The finance minister stated that to achieve growth into the future SA needs to fundamentally alter the structure of the economy to be more inclusive by:

  • lowering barriers to entry;
  • broadening ownership titles;
  • raising productivity; and
  • lowering the cost of doing business.

The government is committed to R791.2bn in infrastructure projects. If these projects are to have the desired outcome it is imperative that “the end user pays a tariff that reflects the cost for use”. This is no doubt a reference to the 15% tariff increase that Eskom recently received.

The minister further stated that South Africans need to alter their mindset of destroying infrastructure in protest. They should view this infrastructure as an “asset of the community”.

In the build-up to the budget speech, the rumour mill was “buzzing” with all manner of theories, such as the possibility of the government reducing salaries in the public sector. This was not the case and in fact the opposite occurred.

While the minister acknowledged that public sector wage negotiations were ongoing, he mentioned the creation of two initiatives that would spend almost R100bn on creating jobs, namely: Public Employment Programme (R83.2bn) and the Presidential Youth Employment Initiative (R11bn).

This is roughly equal to the R99.6bn increase in expected revenue for 2020/21 since the MTBPS 2020 was delivered.

The finance minister “rubbished” claims that the National Treasury was “swimming in cash” and acknowledged that “we owe a lot of people a lot of money”.

The budget detailed a number of new tax proposals

Corporate income tax has been lowered to 27% for “companies with years of assessment” commencing on 1 April 2022. This is expected to improve SA’s attractiveness as a country to directly invest in.

Personal income tax brackets will increase by 5% (nearly 2% above inflation for 2020).

An 8% increase was levied on excise duties for alcohol and tobacco.

Fuel levies will increase by 27c per litre, with 15c allocated to the general levy, 11c to the Road Accident Fund and 1c to the carbon fuel levy.

Social grants were increased to:

  • old age pension - R1,890;
  • war veterans pension - R1,910;
  • child care - R460; and
  • foster care - R1,050.

The budget speech contained much detailed information, but summarising it for individuals, the following highlights stick out:

  • the usual “sin taxes” apply (8%);
  • personal income tax brackets are increasing by more than inflation (5% across the board). As this is more than inflation, this means that in real terms employees will pay less tax;
  • corporate income tax is to be reduced to 27% from April 1 2022 to promote direct investment in SA;
  • borrowing of about R500bn per year is envisaged for the next three years before the debt levels begin to stabilise in 2024/25;
  • the government has set up two funds that are collectively worth just under R100bn to promote employment.

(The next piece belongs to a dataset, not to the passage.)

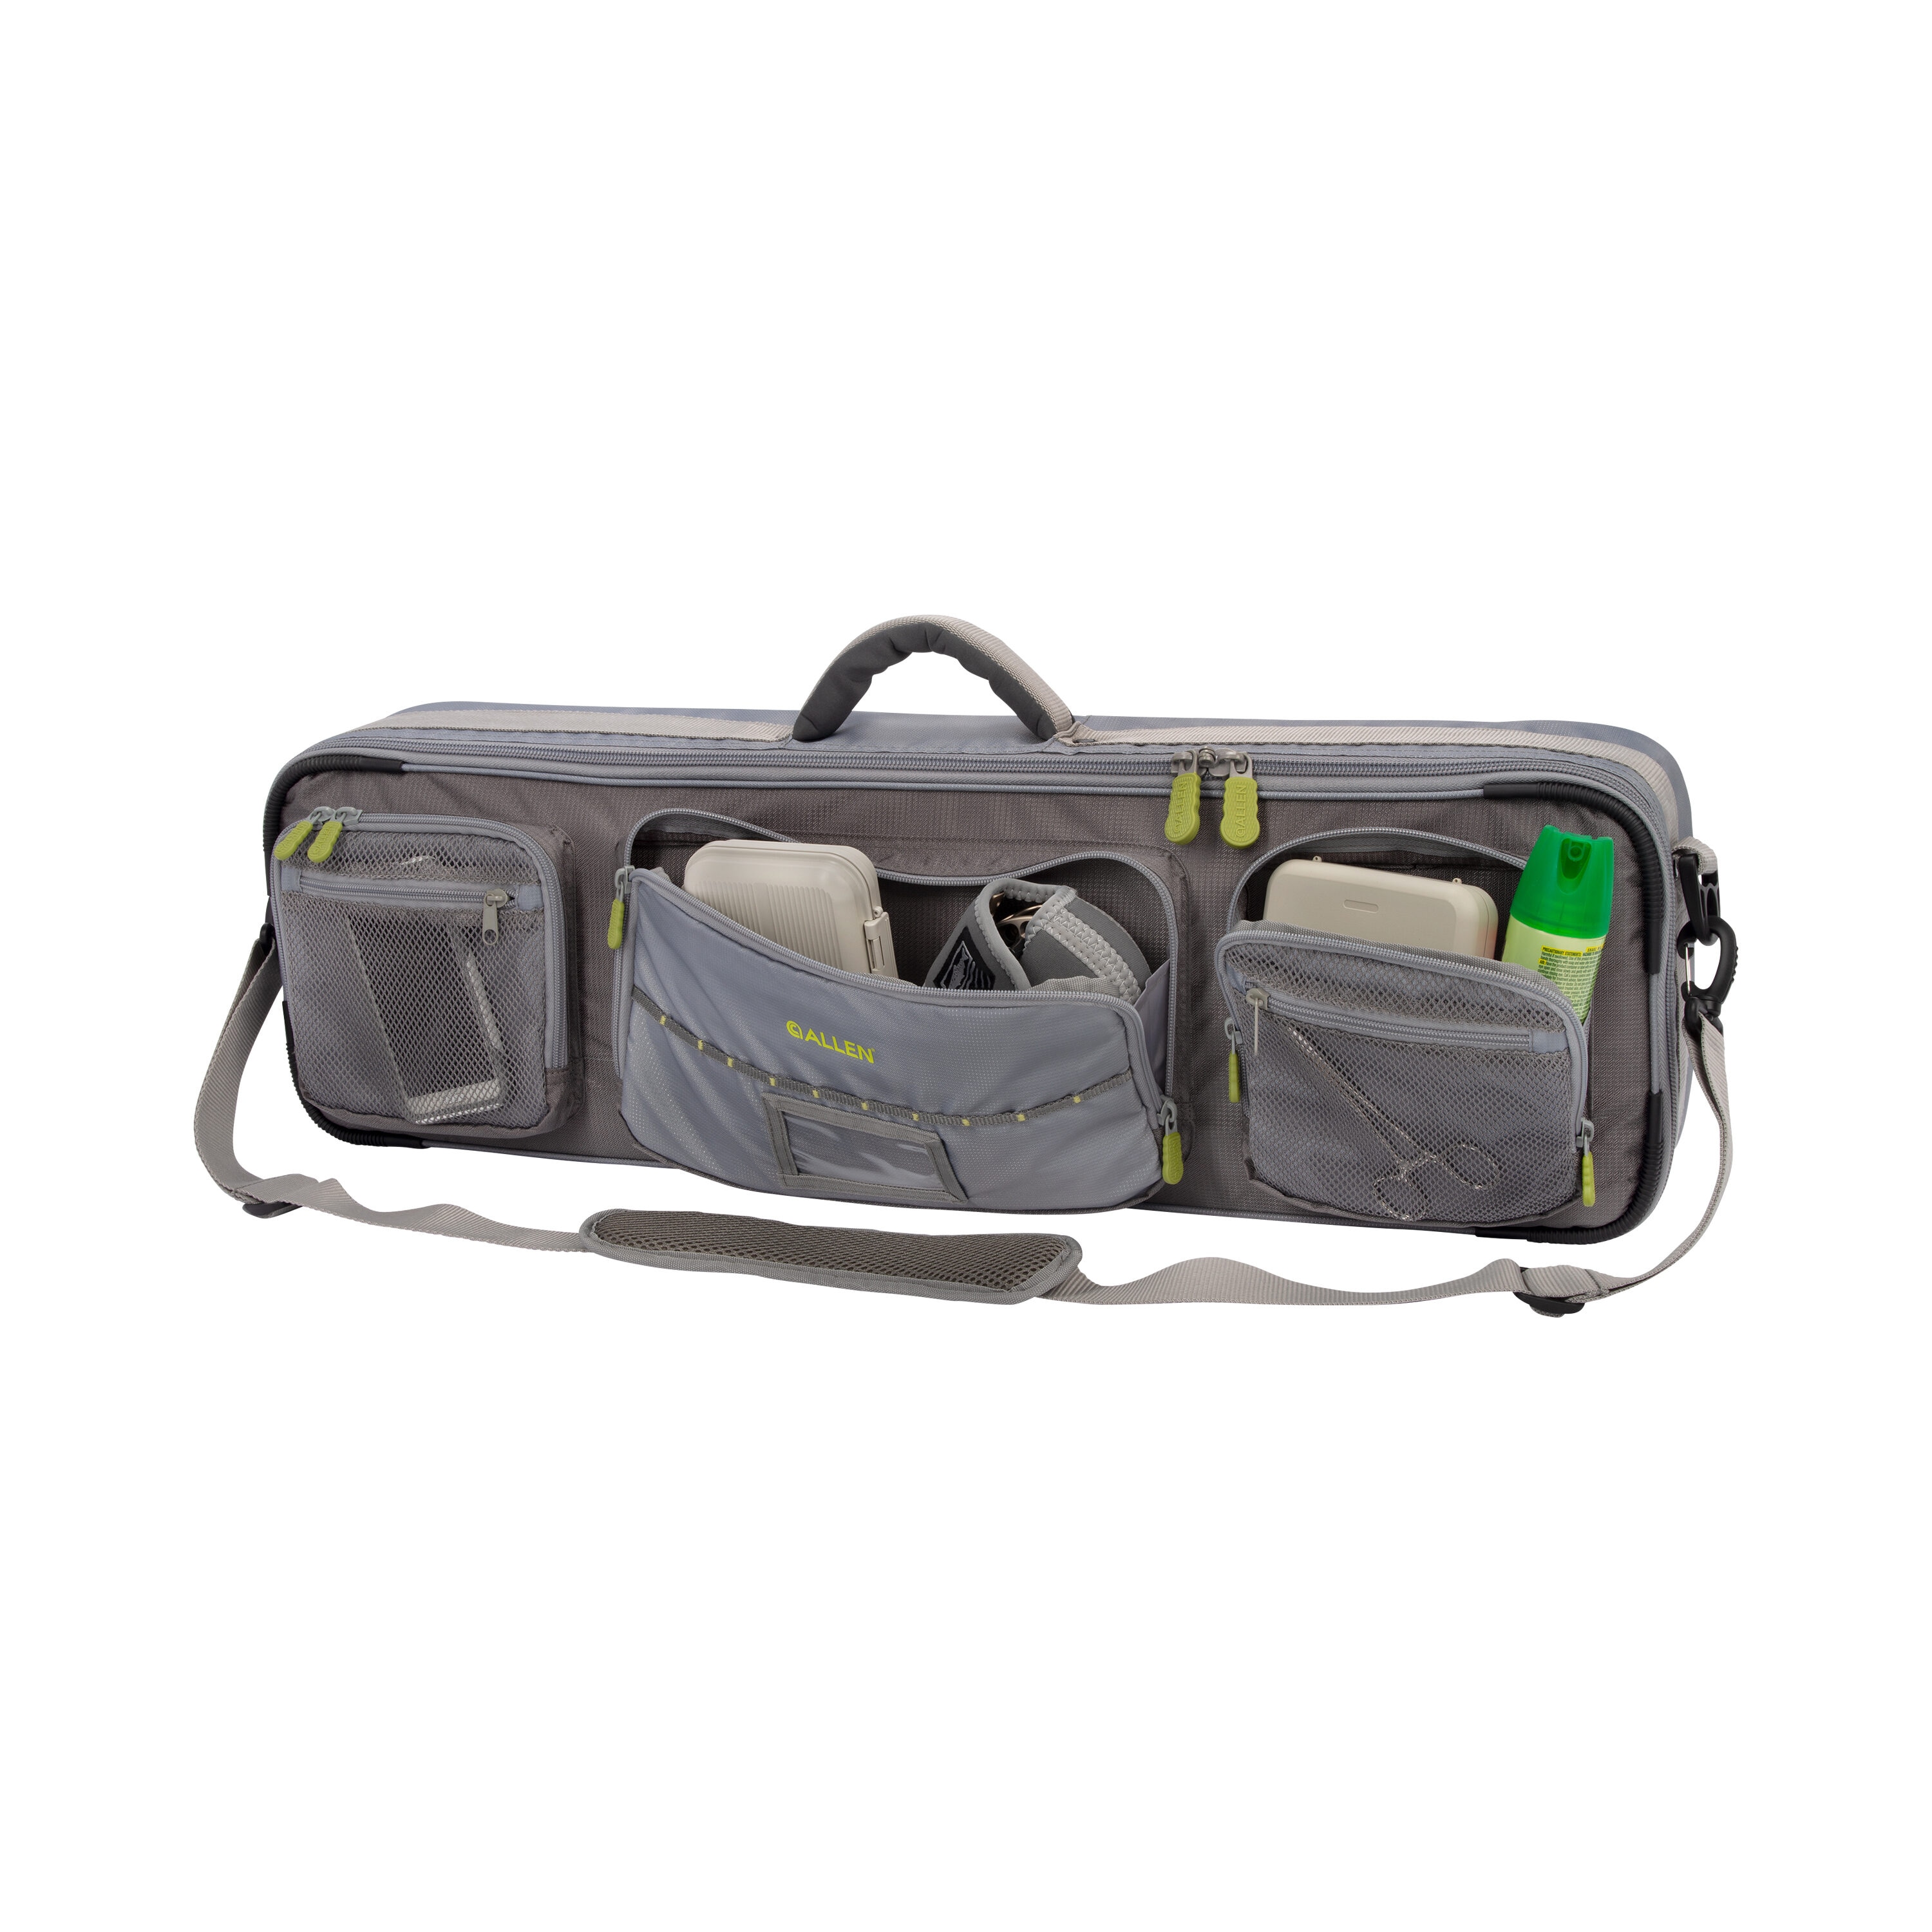  Fishing Rod Cases & Tubes - Plano / Fishing Rod Cases & Tubes / Fishing  Rods & A: Sports & Outdoors

The question of whether this budget can be viewed as a success or a failure is debatable. If the plan is implemented in the manner in which it is intended, then history will view this address as a success. Conversely, if not enough has been done to reduce spending and increase revenue to achieve the goal of stabilising government debt at 88.9% in 2024/25, then this will be seen as a failure.

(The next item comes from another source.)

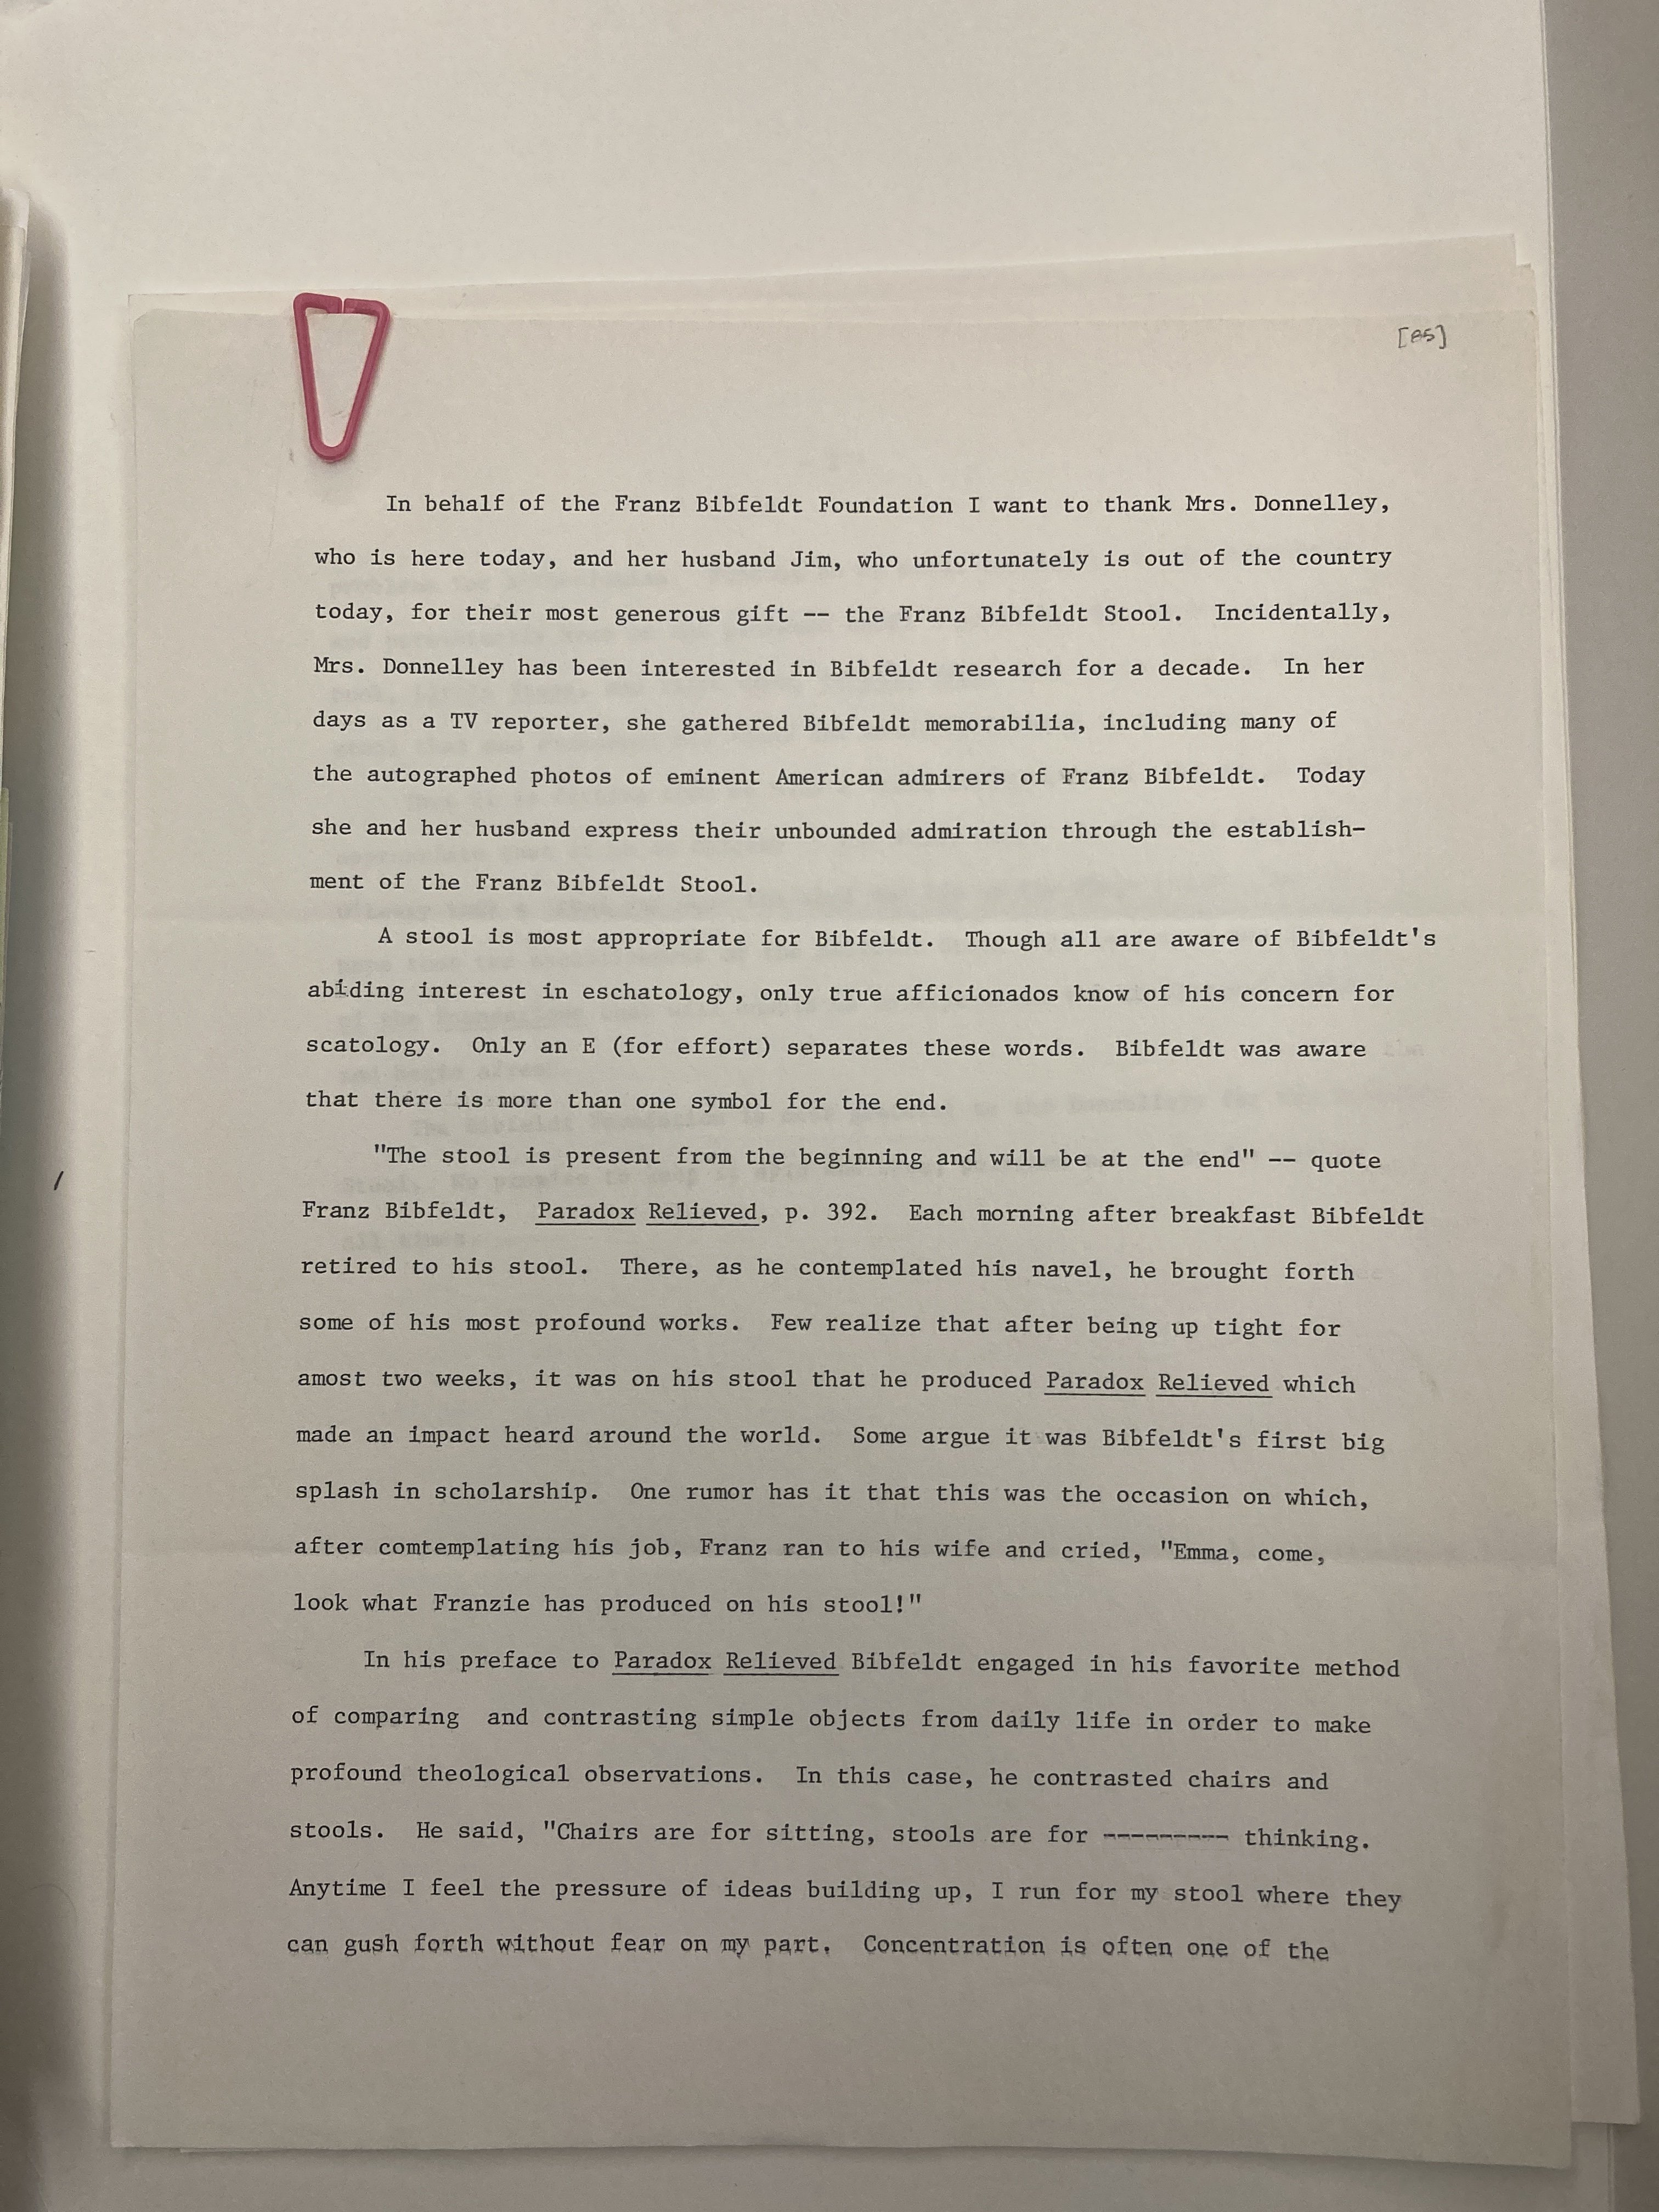 print out of the first page of an acceptance speech by Gerald Brauer

In the short term, tax relief has been issued to the formally employed individuals (via tax brackets increasing more than inflation) and tax relief is intended to be offered to business from April 1 2022.

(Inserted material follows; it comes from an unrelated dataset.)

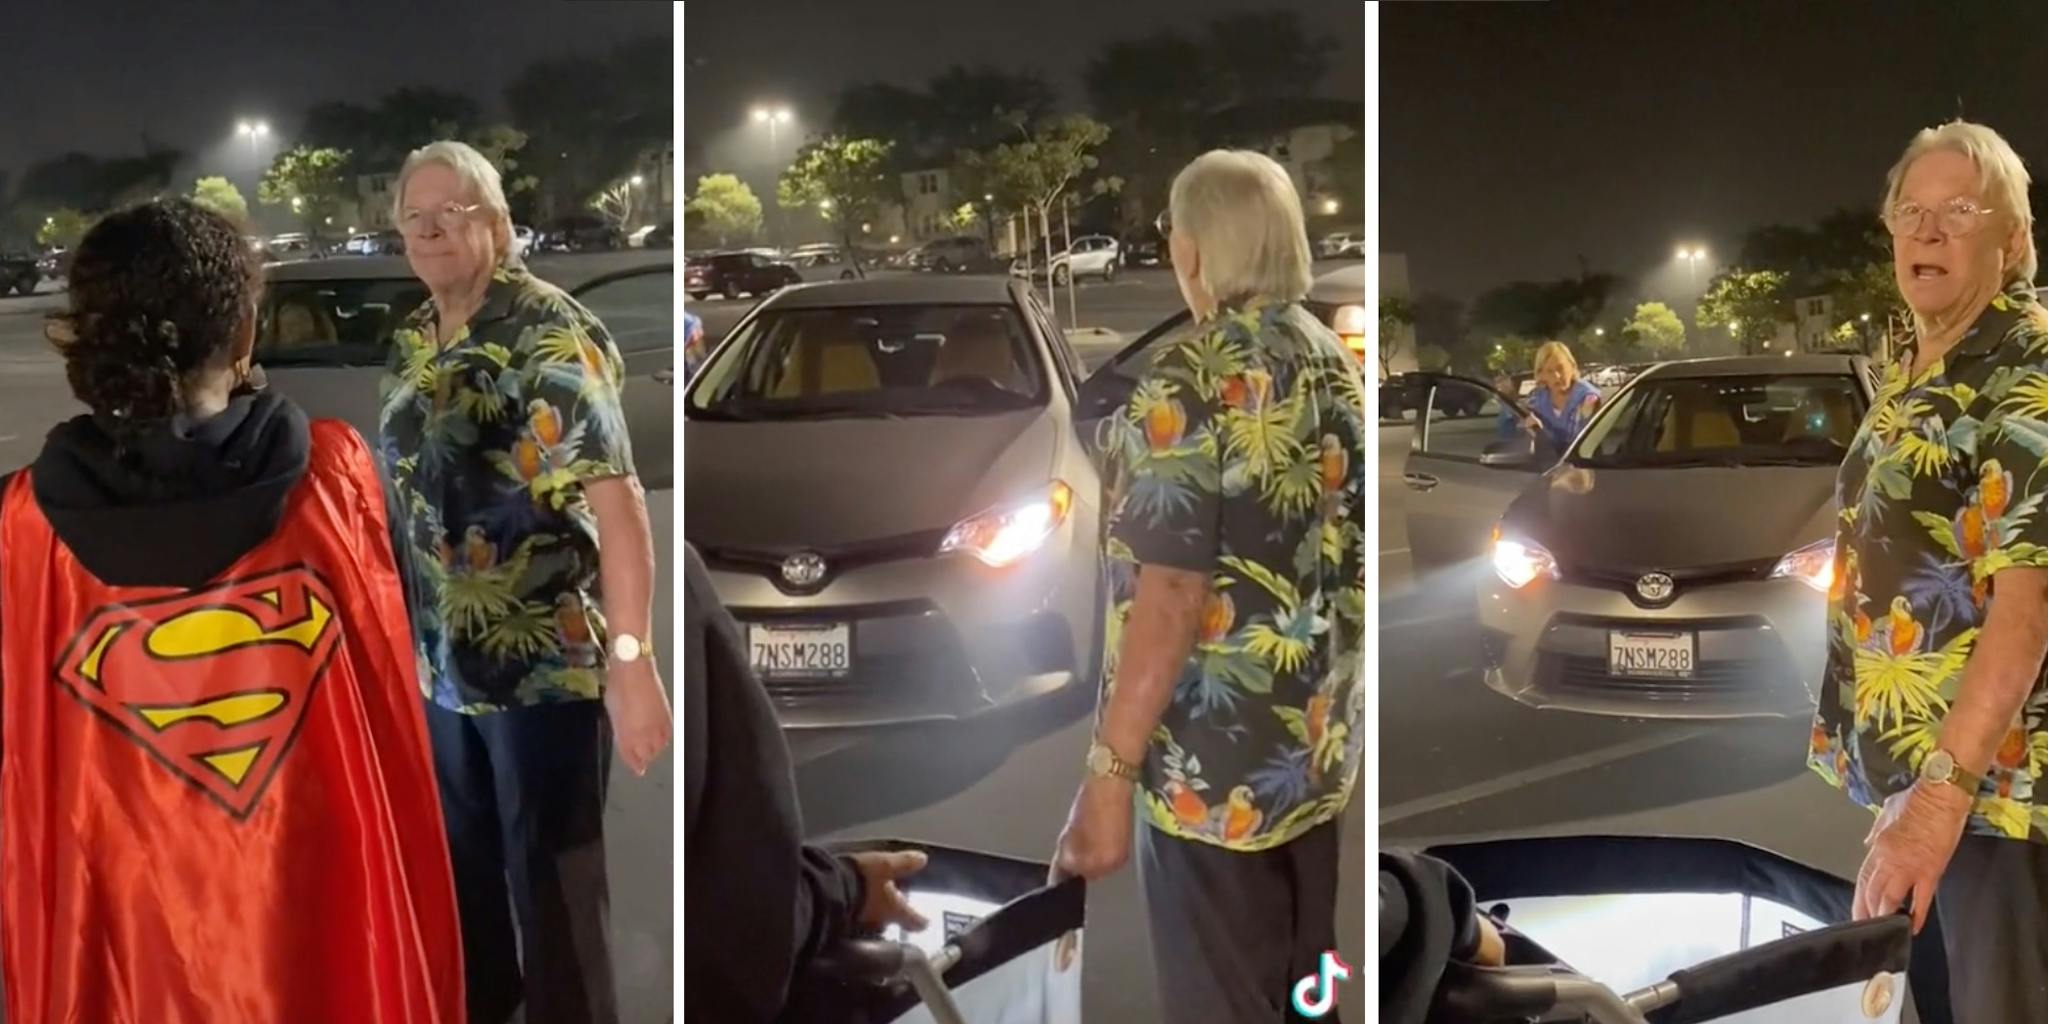 ‘Y’all were literally just kids being kids:’ Viral TikTok shows man confronting teens over a shopping cart in Kohl’s parking lot

During a time when much has been made of rising debt levels and decreased revenue collection, only time will tell whether this budget is a clever part of a bigger plan or a missed opportunity to begin reducing the fiscal deficit before it's too late.

 

  •  Bryden Morton is executive director of 21st Century, a remuneration and HR consultancy, while Chris Blair is its leadership & sustainability CEO.